GRANT USAGE ON DATABASE st_tuts TO ROLE snrole;
GRANT USAGE ON SCHEMA st_tuts.demo TO ROLE snrole;
GRANT USAGE ON WAREHOUSE compute_wh TO ROLE snrole;
GRANT CREATE TABLE ON SCHEMA st_tuts.demo TO ROLE snrole;
GRANT CREATE STAGE ON SCHEMA st_tuts.demo TO ROLE snrole;
GRANT CREATE PIPE ON SCHEMA st_tuts.demo TO ROLE snrole;
ALTER USER snservice SET RSA_PUBLIC_KEY='MIIBI...';

Then run the following command to execute the SQL script above.

snowsql -a ${account_identifier} -u ${account_name} -f grant.sql

2. Create a connector

The following command shows how to use pulsarctl to create a builtin connector. If you want to create a non-builtin connector, you need to replace --sink-type snowflake with --archive /path/to/pulsar-io-snowflake.nar. You can find the button to download the nar package at the beginning of the document.
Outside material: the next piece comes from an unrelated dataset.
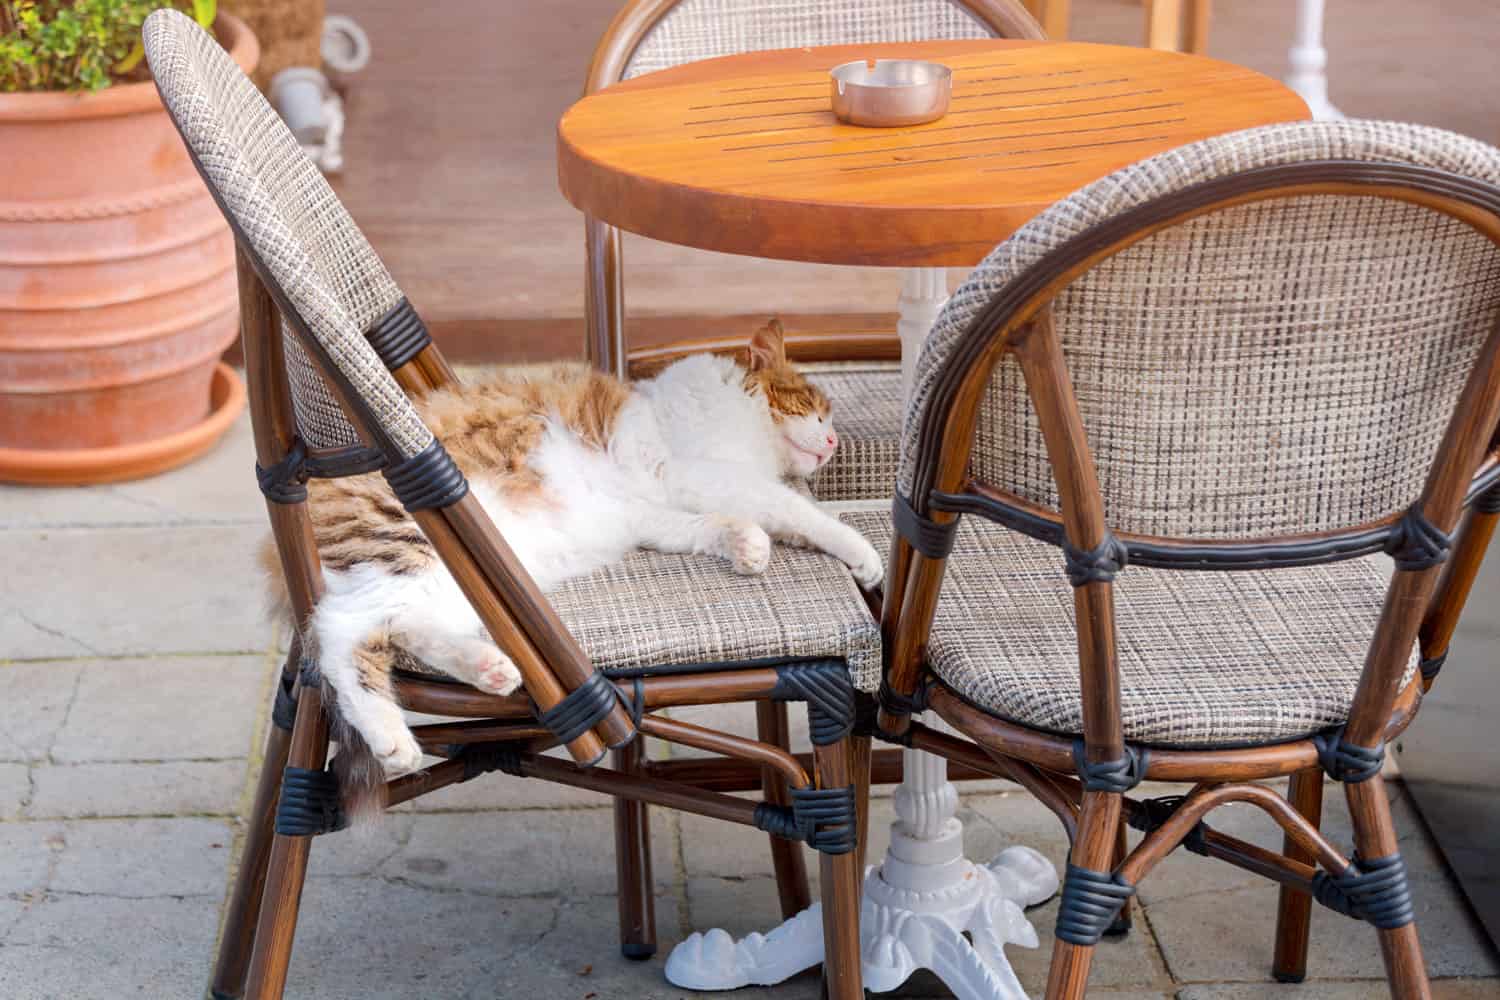 n adorable feral cat is peacefully sleeping on a chair at a street restaurant.

If you are a StreamNative Cloud user, you need set up your environment first.

pulsarctl sinks create \
  --sink-type snowflake \
  --name snowflake \
  --tenant public \
  --namespace default \
  --inputs "Your topic name" \
  --parallelism 1 \
  --sink-config \
  '{
    "user": "SNSERVICE",
    "host": "https://<account_identifier>.snowflakecomputing.com",
    "schema": "demo",
    "database": "st_tuts",
    "privateKey": "...",
    "warehouse": "compute_wh"
  }'

The --sink-config is the minimum necessary configuration for starting this connector, and it is a JSON string. You need to substitute the relevant parameters with your own. You can get the private key passphrase (MIIBIjA…) by running the following command:

grep -v '\-\-\-' rsa_key.p8 | tr -d '\n'

If you want to configure more parameters, see Configuration Properties for reference.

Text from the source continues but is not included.